Kafka storage rebalancing, automated replication throttle, cluster API and more

Geek Repo:Geek Repo

Github PK Tool:Github PK Tool

[topicmappr] Optionally relax rack constraint to best effort

davidrusu opened this issue · comments

Sometimes you don't have 3 racks available, but we still want 3 replicas that are spread out across available racks as much as possible.

How would you feel about introducing an option to relax the rack safety constraint.

This could be doable; I could see a flag that indicates something along the lines of "minimum unique rack.ids" where it defaults to "all" (the current behavior) or could take a value like 2 to satisfy the case you're describing. I'll review this and play with some ideas.

@jamiealquiza I've got some time today at work to play with this, I can experiment to see if a useful approach comes to me

Some thoughts as I'm working.

I want to refactor the Constraint struct to look like this:

type Constraints struct {
	diskSpace             float64        // a broker must have at least this much available space to be eligible
	remainingSpotsPerRack map[string]int // a broker must have a spot left in it's rack to be eligible
	allocatedBrokers      map[int]bool   // a broker must not be in this list to be eligible
}

remainingSpotsPerRack is a map from a rack to how many brokers we want in this rack.

The current behavior would be to first we choose len(p.Replicas) racks to each constraint, then we set the c.remainingSpotsPerRack[rack] = 1 for each rack we chose for this replica.

the new behavior would add the needed spots to racks evenly across all constraints.

Now c.passes(b) will check that c.remainingSpotsPerRack[b.rack] > 0 and c.add(b) will do c.remainintSpotsPerRack[b.rack] -= 1

its a bit of a change 🤔

More thinking, we currently rebuild constraints on each pass through the placement strategy. I would like to see us build a list of constraints up front and then loop through, adding brokers, until all constraints are satisfied. (not entirely a fully formed thought yet, but I'll continue experimenting)

its a bit of a change

Hah, yes, the constraints stuff in general is one of those areas I quickly built up to do a particular thing but has been on my radar to cleanup (so we can more easily make changes like this)
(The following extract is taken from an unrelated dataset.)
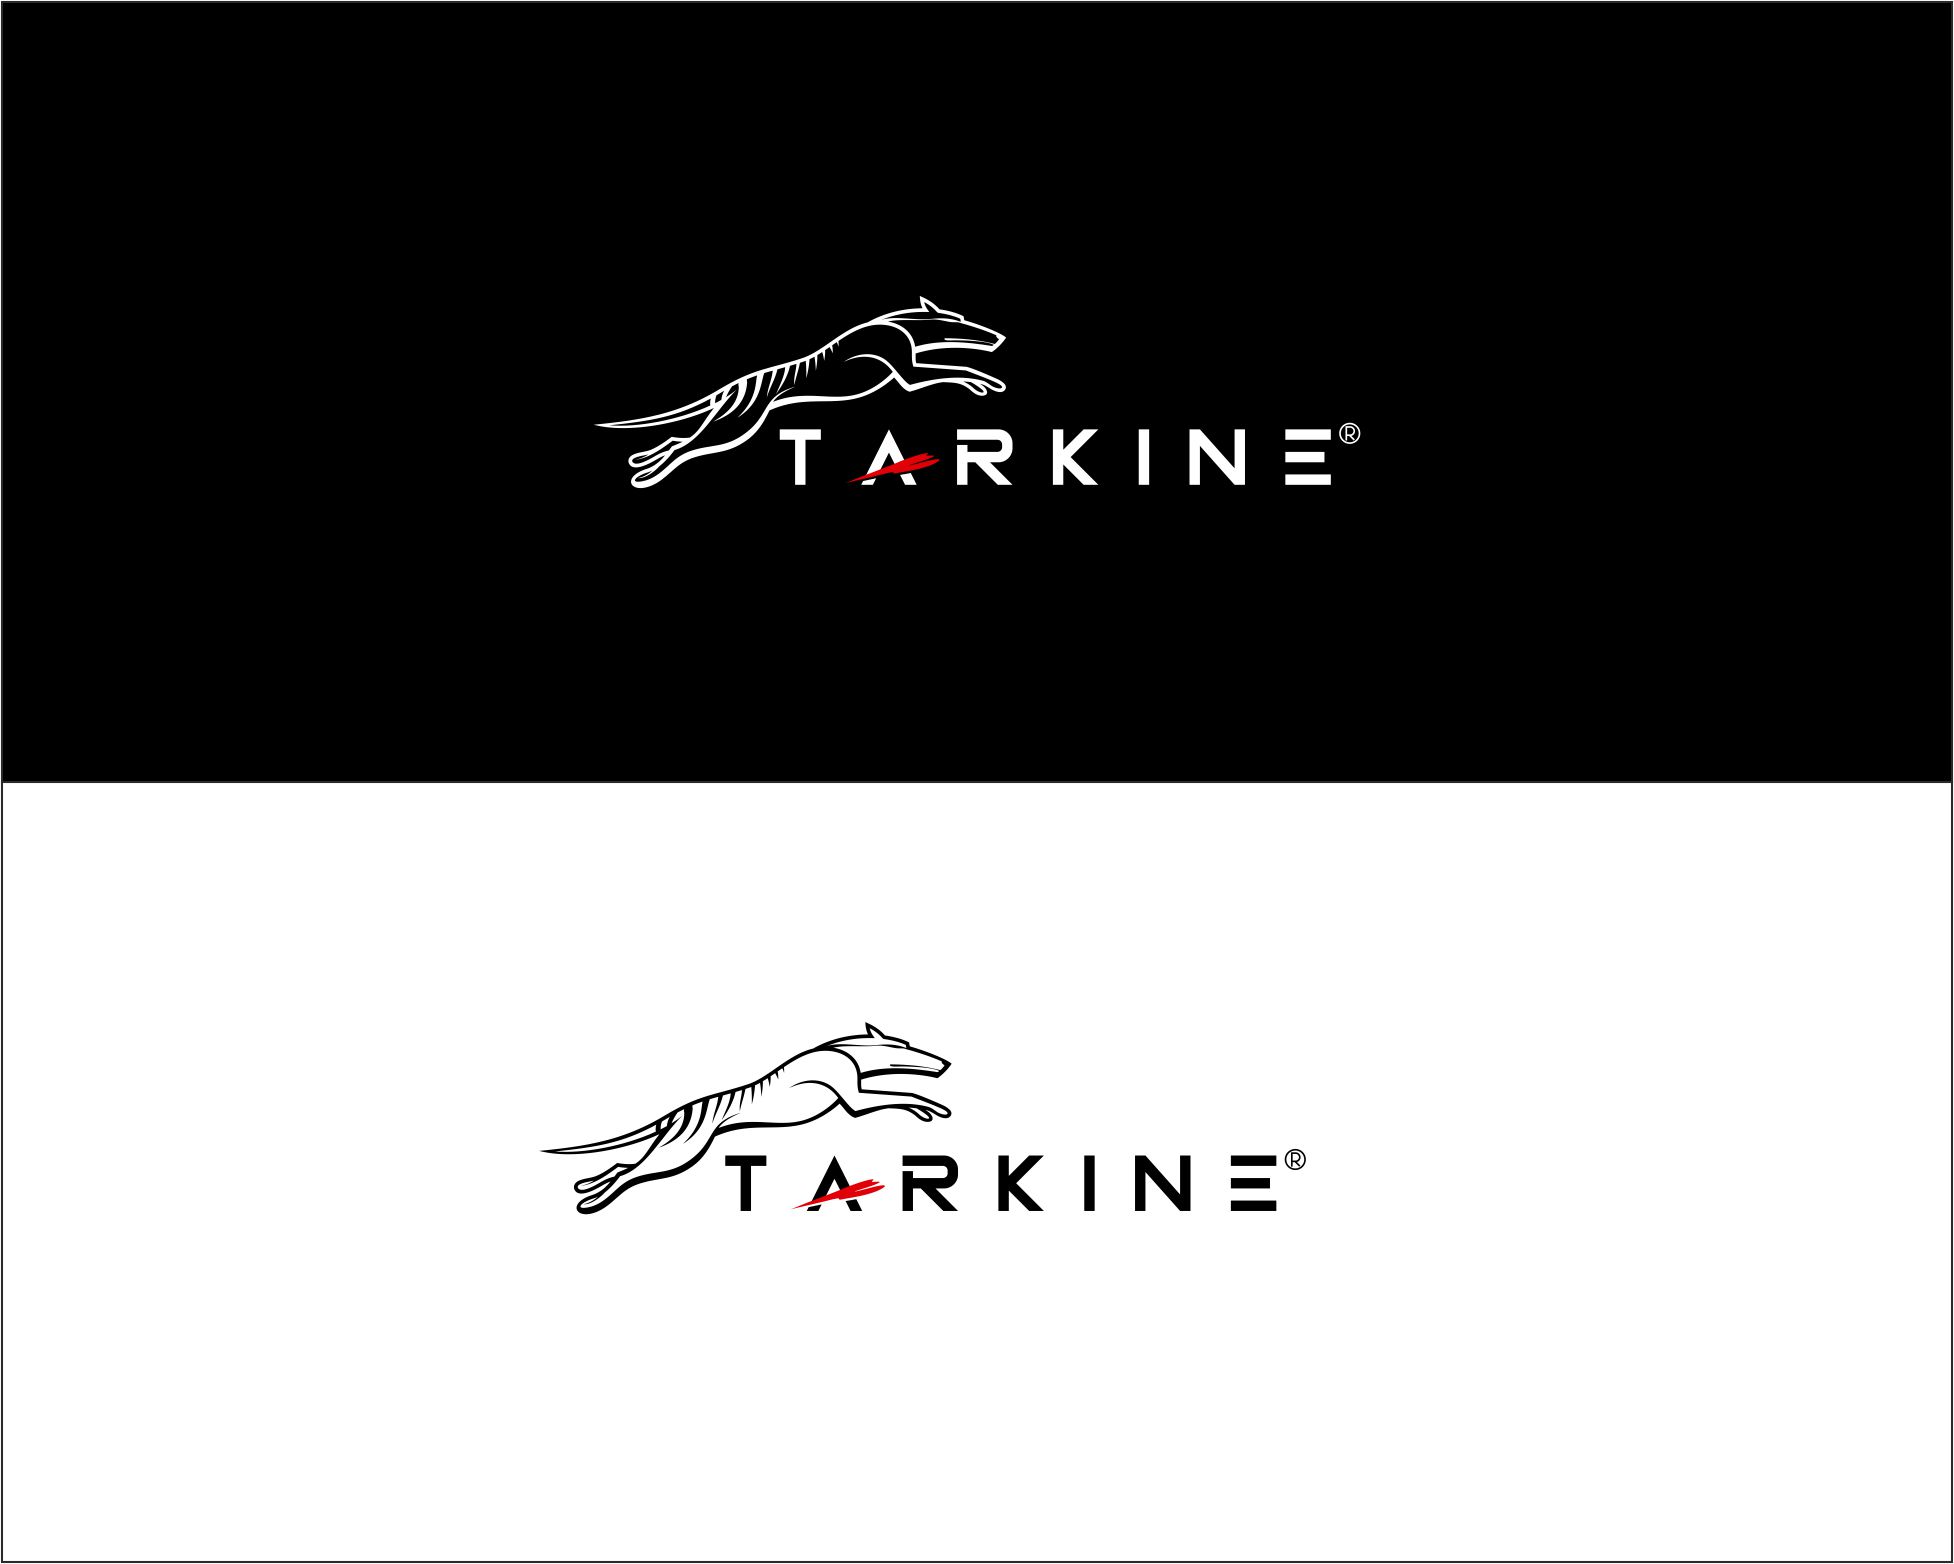 Logo Design entry 1578380 submitted by jangAbayz to the Logo Design for TARKINE run by tarkine

👋Playing with some ideas and rewriting bits of the constraints stuff today, I'll share a branch when I have something working

Got a few things done on this so far in this branch:

  • Adds a new method to Constraints called SelectBroker which takes a ConstraintsParams type, which includes a MinUniqueRackIDs field. This new method will replace the previous BestCandidate.
  • Setting MinUniqueRackIDs to 0 retains the current behavior (all rack IDs must be unique). Any config >0 will prevent new brokers from failing the constraints check as long as the replica set has hit whatever value was configured.
  • The rebuild functions now use the new SelectBroker method when filling replica set slots.

The last functional todo is now just to add a flag to topicmappr that allows the user to control the MinUniqueRackIDs param. I'll add this later tonight and get testing rolling on this. Should have this cleaned up and ready to try out tomorrow.